(Dataset section begins)

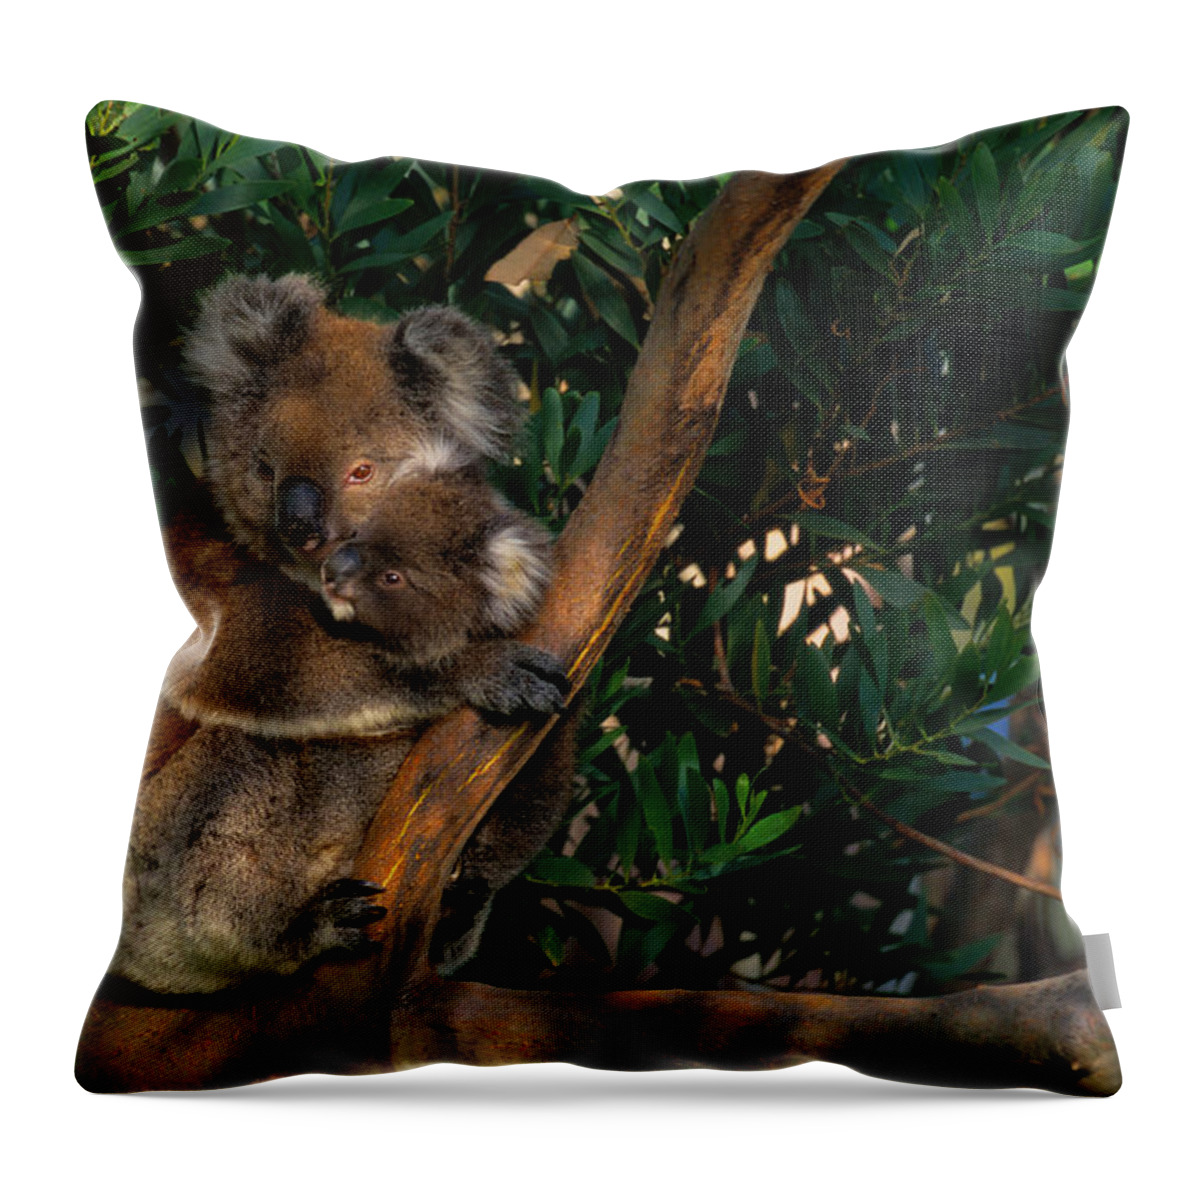 Oceania Throw Pillow featuring the photograph Koala Phascolarctos Cinereus And Baby by Art Wolfe
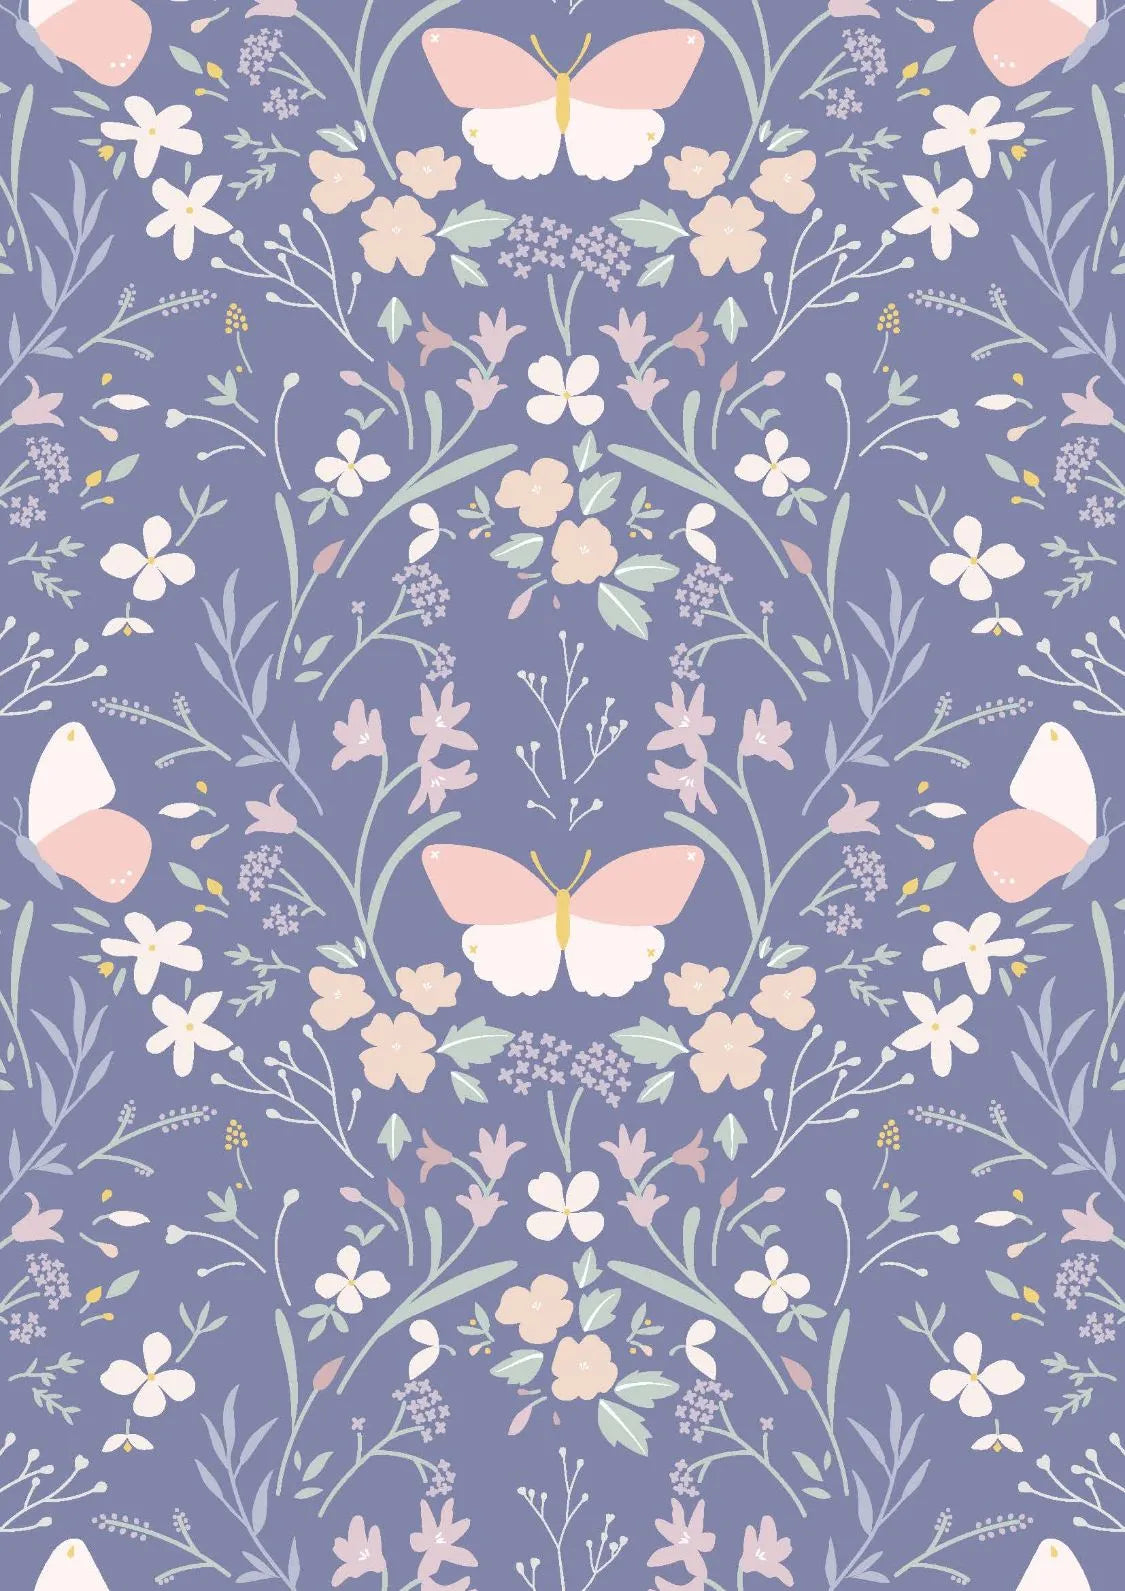 Florals and pink butterflies on a purple cotton fabric - Heart of Summer by Lewis and Irene
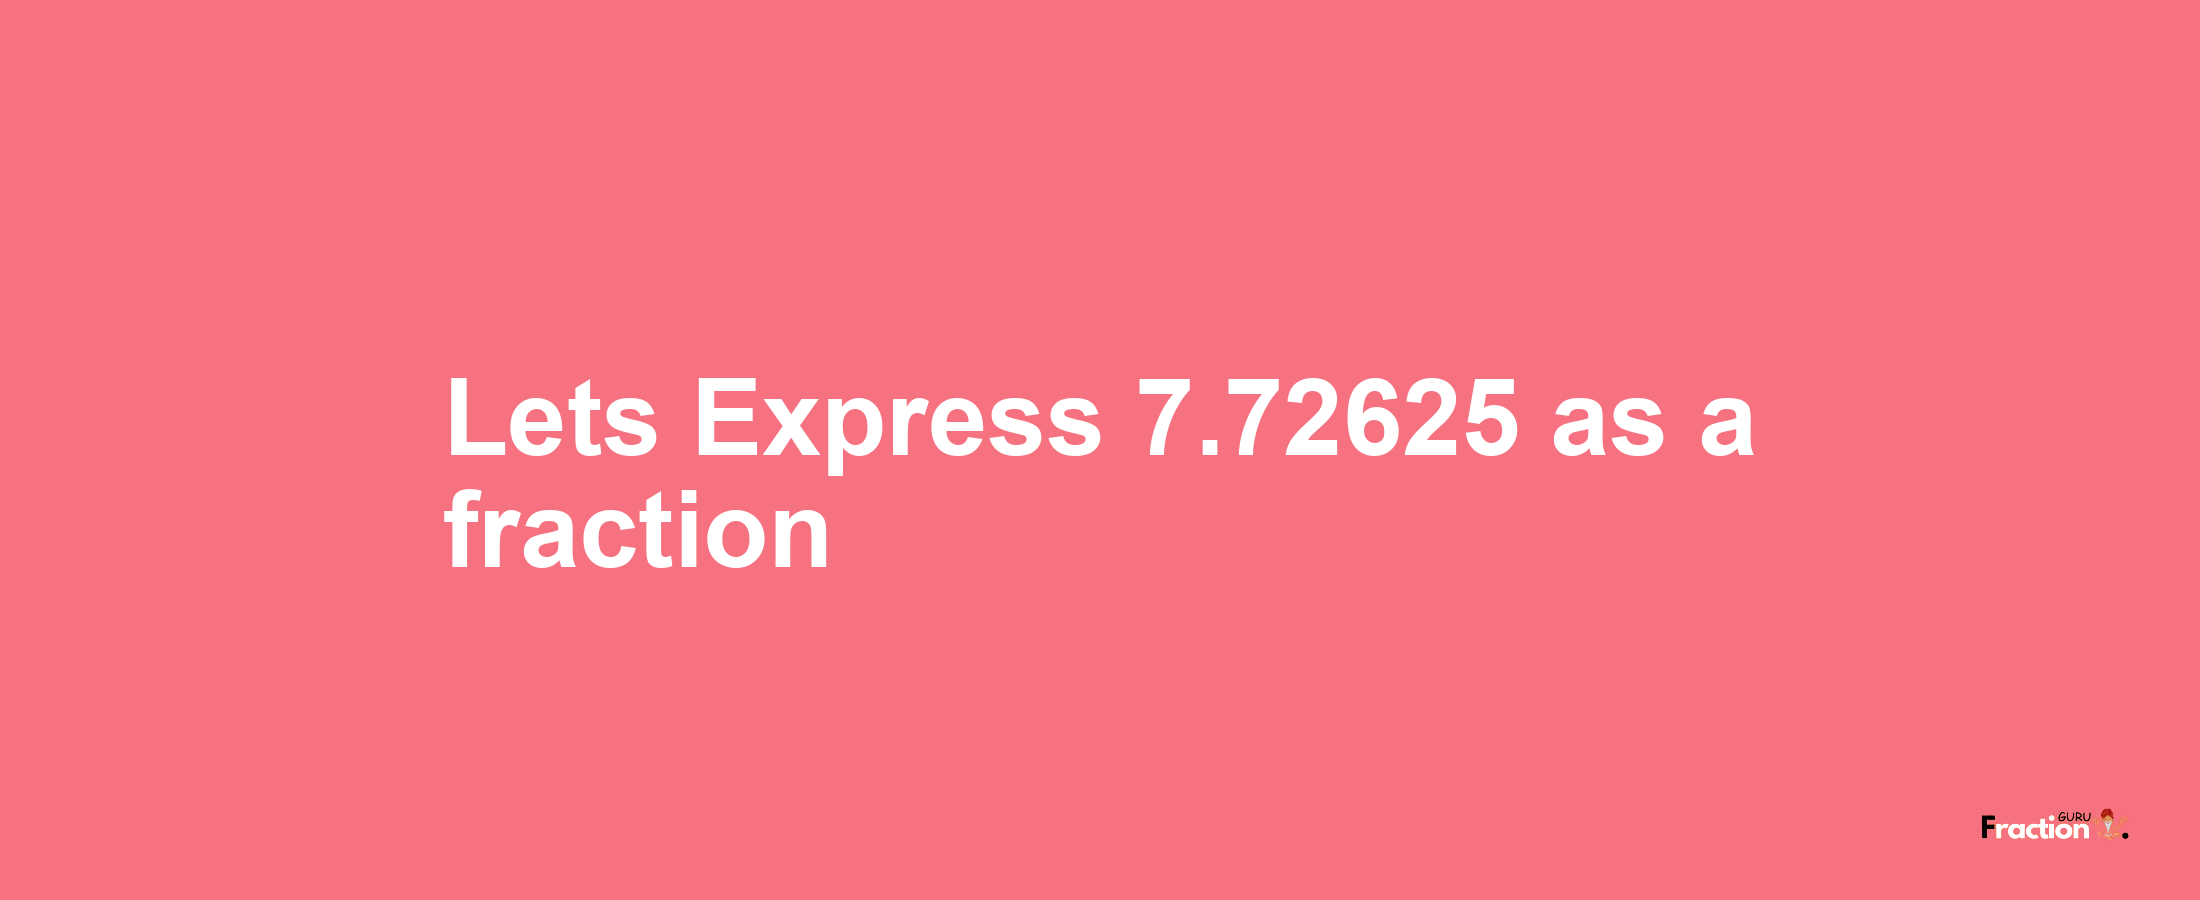 Lets Express 7.72625 as afraction

(Dataset section ends)

→ **Directions for this task**
Restate word for word, and only, the lines from the line that contains "Florals and pink" through the end of the data, both included; pictures are not part of the copy.

→ **Solution for this task**
 Florals and pink butterflies on a purple cotton fabric - Heart of Summer by Lewis and Irene
 Lets Express 7.72625 as afraction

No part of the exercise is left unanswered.